To measure the proline content in roots and leaves, the methodology of Bates et al. [31] was followed, with modifications by Escalante-Magaña [32]. We transferred the supernatant obtained from fresh leaf and root tissue into test tubes containing a mixture of glacial acetic acid (MEYER®, Mexico) and acidic ninhydrin (Sigma-Aldrich®, Merck KGaA, Darmstadt, Germany). We incubated the samples in a water bath at 96°C for 60 min. Afterward, we added toluene (MEYER®, Mexico) and measured the absorbance of the organic phase at λ 520 nm. We used Eq. (6) to calculate the proline concentration.

(6)

2.10 Statistical Analysis

To perform the statistical analysis, we used a complete factorial design. We analyzed the obtained data through an analysis of variance (ANOVA) and applied the LSD test with 95% reliability using the Statgraphics Centurion XIX software (Statgraphics Technologies, Inc., Madrid, Spain).

3  Results

3.1 Effect of Water Stress on Growth Parameters

The water stress induced by exposure to PEG (10%) negatively affected the growth of chili pepper plants. In Table 1, shoot height in plants without proline pretreatment [0 mM] and stress exposure decreased by ~16%. However, in the pretreated plants, no statistically significant difference appeared compared to the non-stressed plants. Regarding root length, under stress conditions without pretreatment, we observed a reduction of ~30%, while those pretreated with 2.5 mM of proline increased their length by ~20%, indicating a protective effect. The application of proline (5, 7.5, and 10 mM) under non-stress conditions decreased root length, but under stress conditions, we observed an improvement compared to plants without pretreatment. Additionally, water stress induced early flowering in plants without pretreatment and those pretreated with 7.5 and 10 mM Pro (Table 1).

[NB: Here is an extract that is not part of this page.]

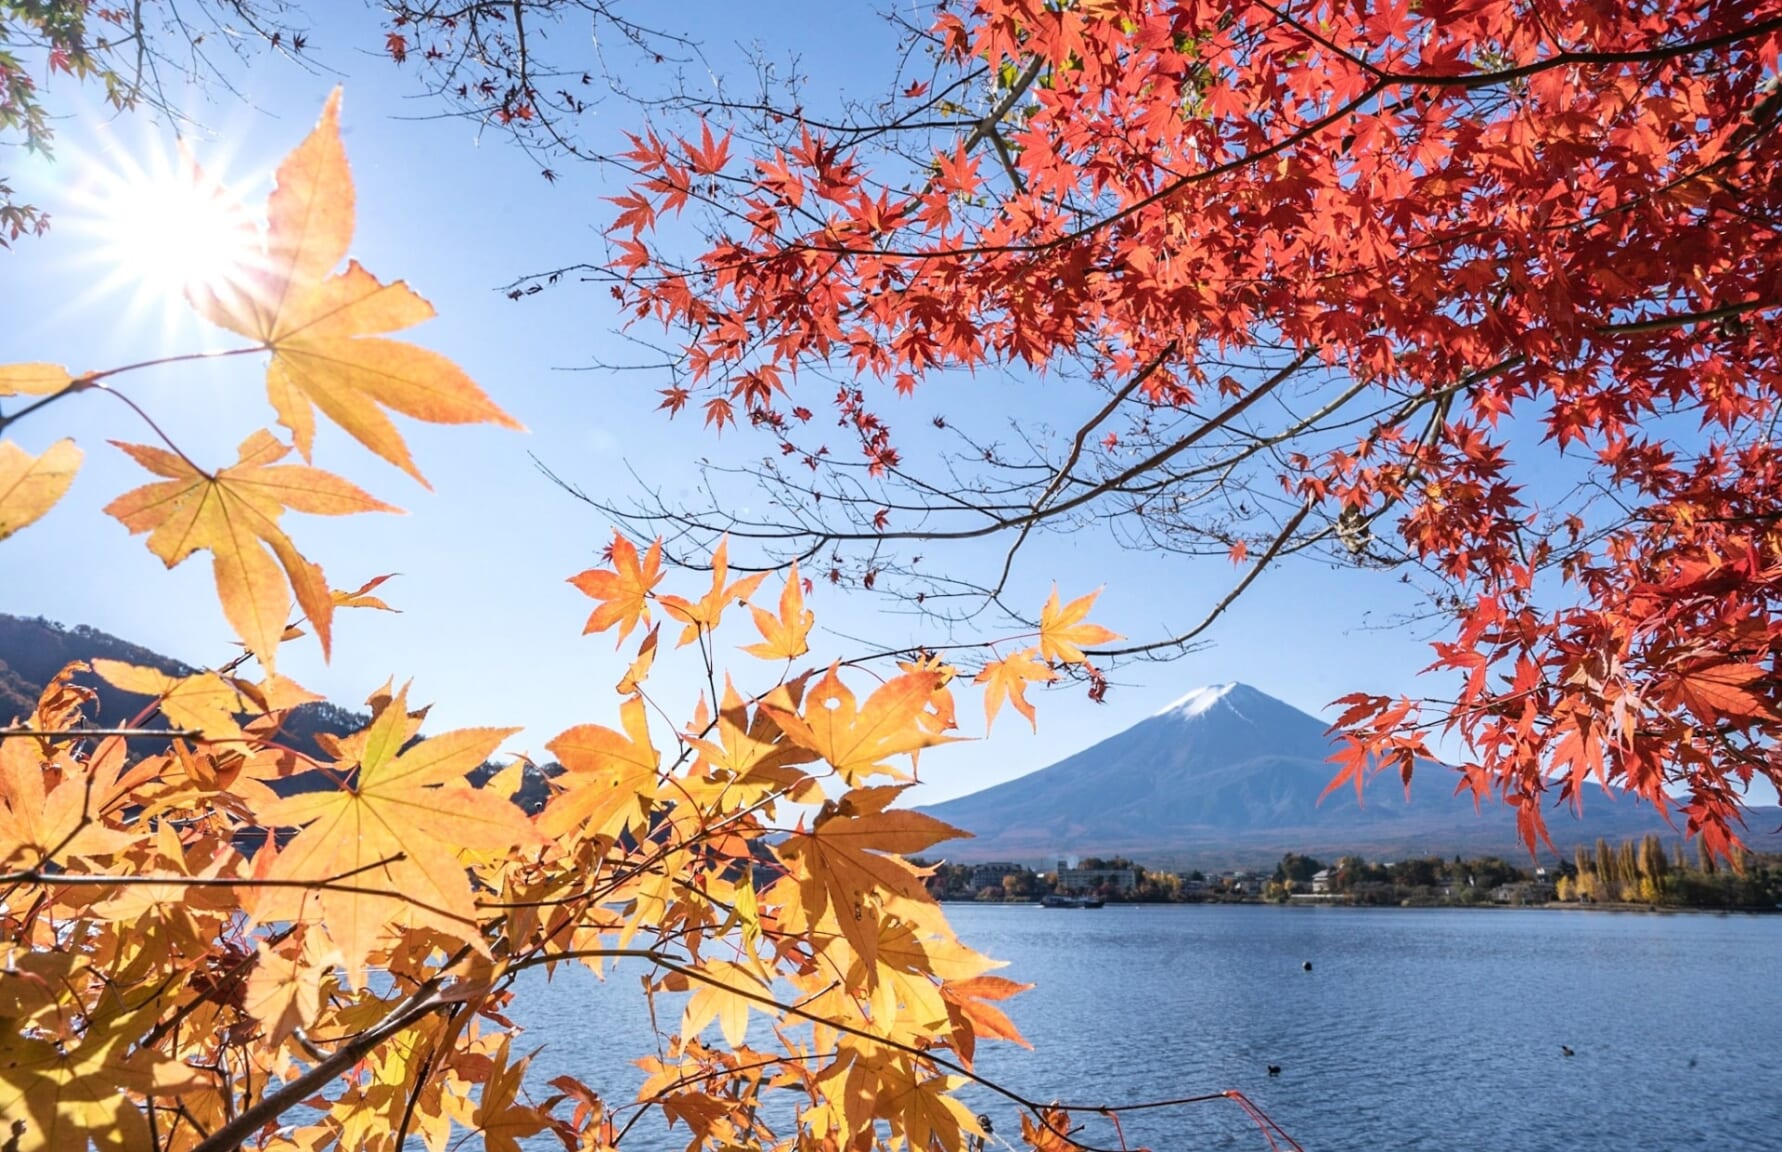 Mt. Fuji from Kawaguchiko lake in autumnm

Fresh and dry shoot and root biomass parameters were reduced by ~50% in stressed plants without pretreatment [0 mM] compared to plants without stress (Table 2). Pretreatment with proline mitigated the adverse effects of osmotic stress in chili pepper plants at concentrations of 2.5 and 5 mM, showing a significant protective effect on fresh weight under stress conditions.

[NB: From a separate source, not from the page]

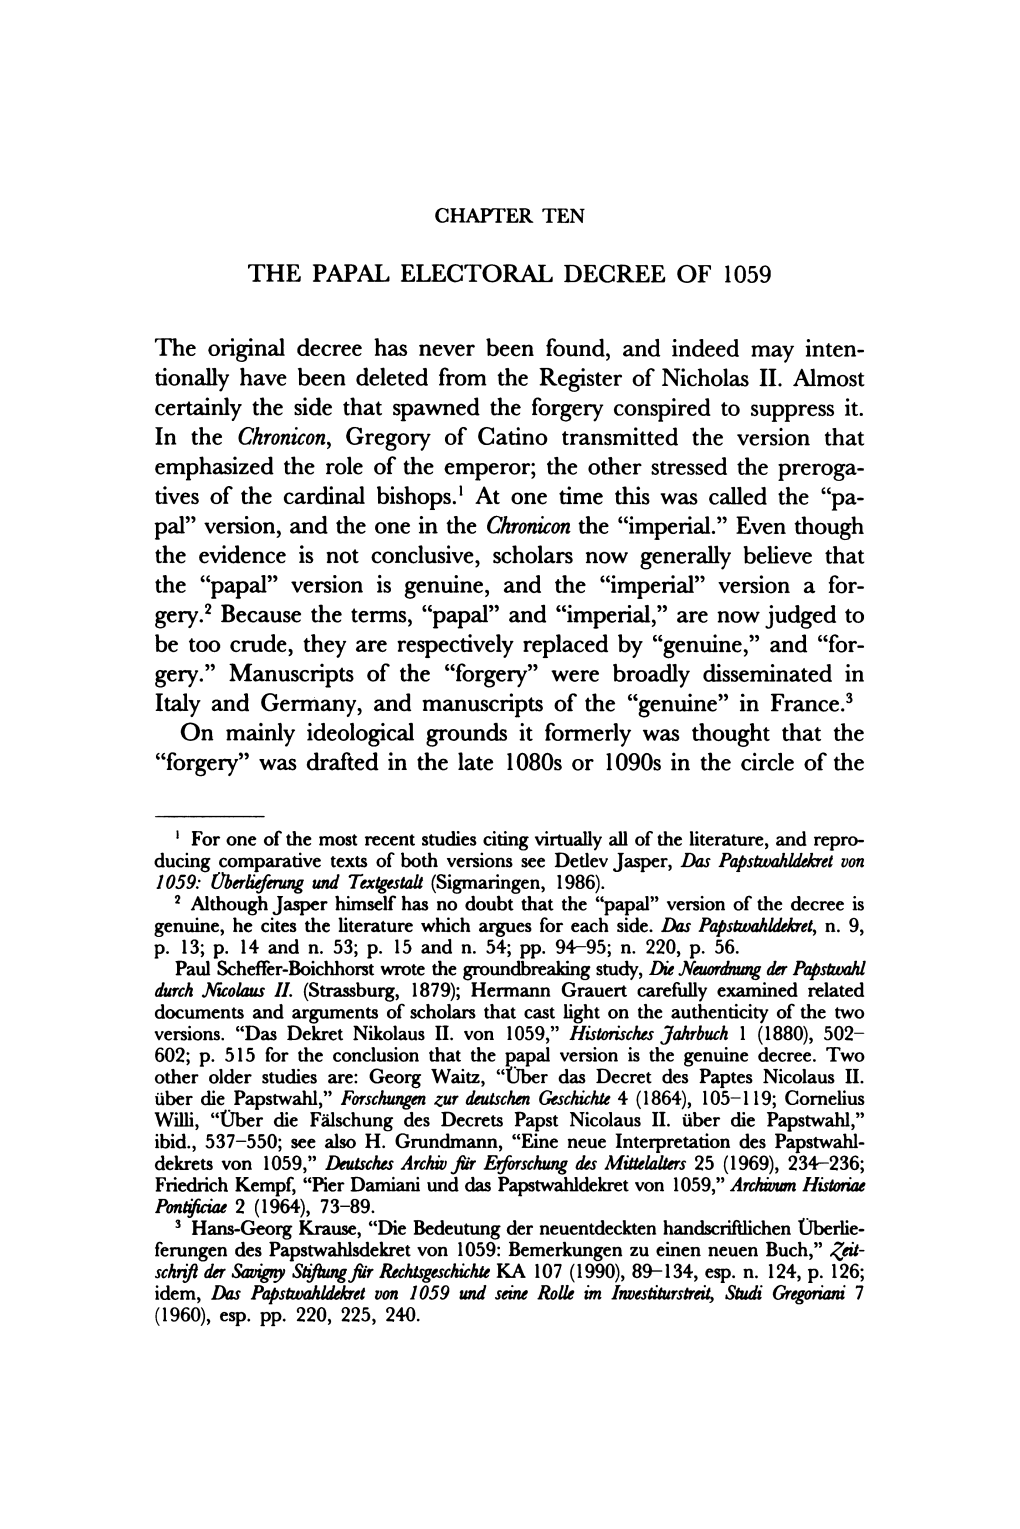 THE PAPAL ELECTORAL DECREE of 1059 the Original Decree

3.2 Effect of Water Stress on Physiological and Biochemical Parameters

Pretreatments with a 2.5 and 5 mM proline positively affected the survival rate by maintaining 100% in plants exposed to water stress (Table 3). For their part, all proline pretreatments [2.5, 5, 7.5, and 10 mM] increased the chlorophyll concentration compared to untreated plants [0 mM Pro] and exposed to stress (10% PEG); under these stress conditions, untreated plants [0 mM] exhibited a drastic decrease of ~37% compared to the control plants.

Table 4 presents the relative water content (RWC) in the shoot and root of chili pepper plants under stress conditions. The values obtained show that the plants pretreated with 2.5 and 5 mM maintained an RWC similar to that of the non-stressed plants, both in the shoot (86.23% and 86.31%) and in the root (78.40% and 79.34%), indicating more excellent resistance to PEG-induced dehydration. Pretreatments with 7.5 and 10 mM reduced the RWC in both the shoot and root, but the reduction was less severe than in plants without pretreatment.

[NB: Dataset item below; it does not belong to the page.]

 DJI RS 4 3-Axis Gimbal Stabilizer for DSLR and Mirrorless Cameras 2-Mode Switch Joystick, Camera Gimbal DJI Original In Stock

Table 5 shows electrolyte leakage values are higher in root tissue than in shoot. Under stress-free conditions, electrolyte leakage in the shoots and roots of chili pepper plants ranged from ~24% to 35%, respectively. However, treatment with 5 mM Pro showed the lowest electrolyte leakage in both tissues compared to non-stress plants. Under stress conditions, plants without pretreatment experienced an increase of ~105% compared to control plants, indicating more significant cell damage. The shoots of the plants treated with 7.5 and 10 mM Pro showed an increase of ~59.66% and 88.86%, respectively, while in the roots, it was ~75.24% and 81.66% compared to the non-stressed plants. In contrast, shoots and roots pretreated with 2.5 and 5 mM Pro exhibited values similar to control plants.

Since the cell membrane stability index (MSI) inversely correlates with electrolyte leakage, an increase in leakage means a decrease in membrane stability. Under stress-free conditions, plants exhibited an MSI greater than 74% in shoots and 64% in roots. Under stress, the lowest MSI values appeared in plants without pretreatment. In contrast, plants pretreated with 2.5 mM of Pro maintained MSI values comparable to those without stress in both tissues, suggesting that this concentration of Pro effectively preserves membrane stability during water stress (Table 6).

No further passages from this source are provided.